+++ Information supplied +++

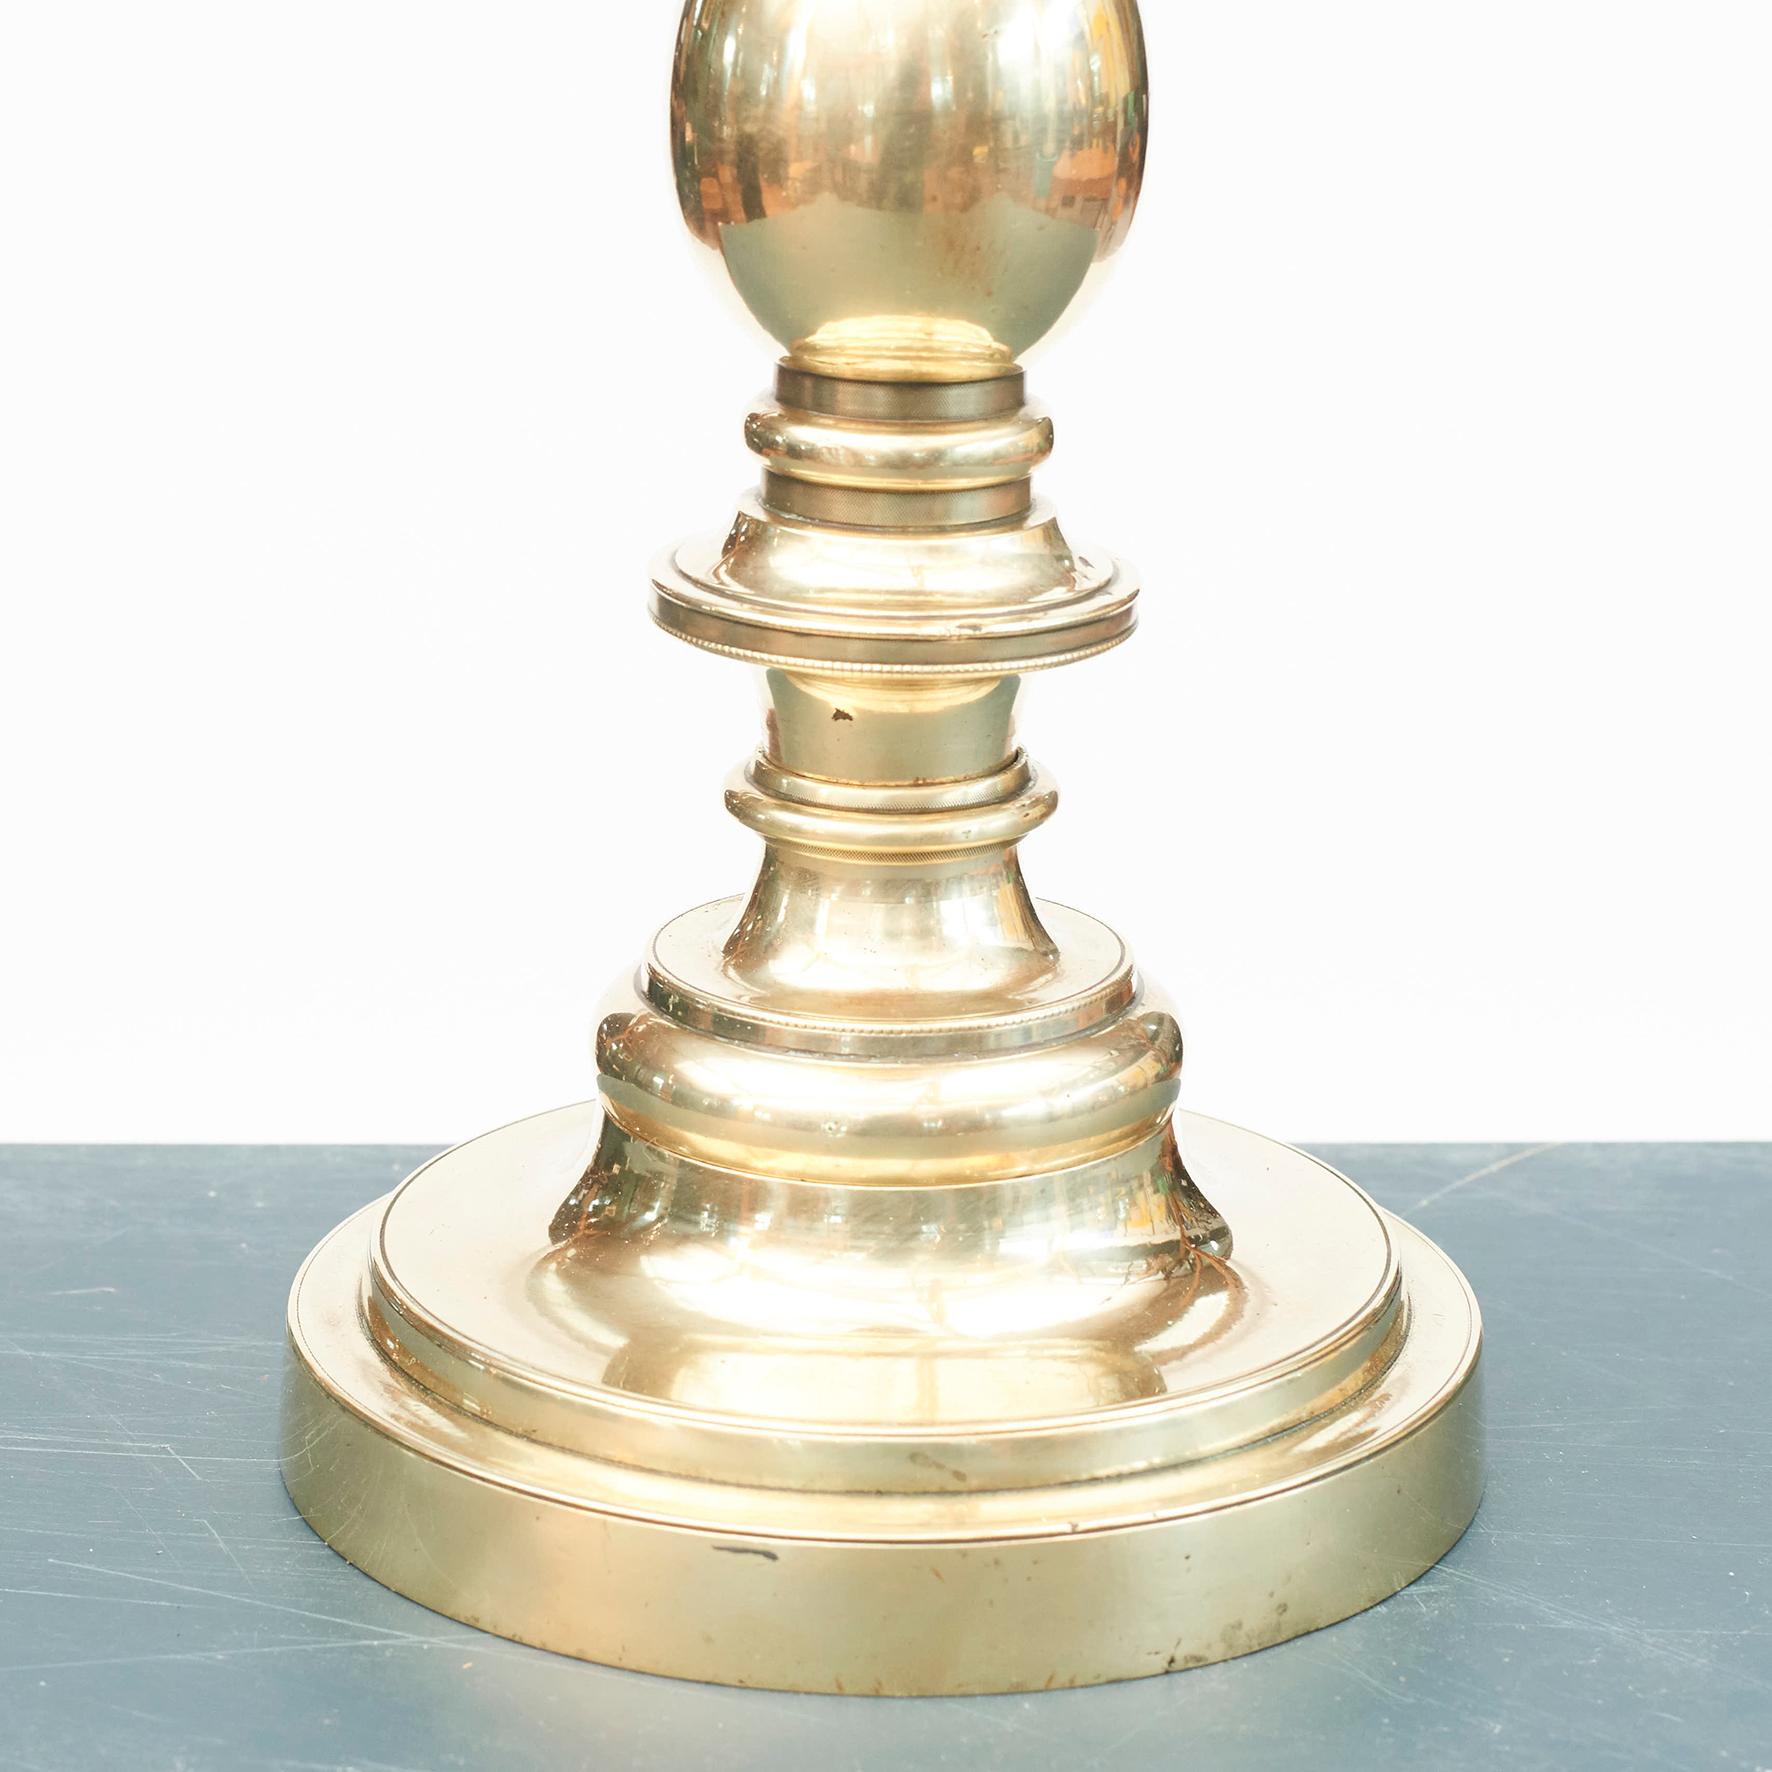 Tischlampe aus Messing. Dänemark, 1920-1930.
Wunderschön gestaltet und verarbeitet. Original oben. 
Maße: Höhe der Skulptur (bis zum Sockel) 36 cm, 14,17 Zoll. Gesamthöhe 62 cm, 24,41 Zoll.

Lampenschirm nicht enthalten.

+++

- [Directions for this task]: Every line of the data is to be transcribed exactly, and no picture is to be included.

- [Written reply]:
 Tischlampe aus Messing. Dänemark, 1920-1930.
Wunderschön gestaltet und verarbeitet. Original oben. 
Maße: Höhe der Skulptur (bis zum Sockel) 36 cm, 14,17 Zoll. Gesamthöhe 62 cm, 24,41 Zoll.

Lampenschirm nicht enthalten.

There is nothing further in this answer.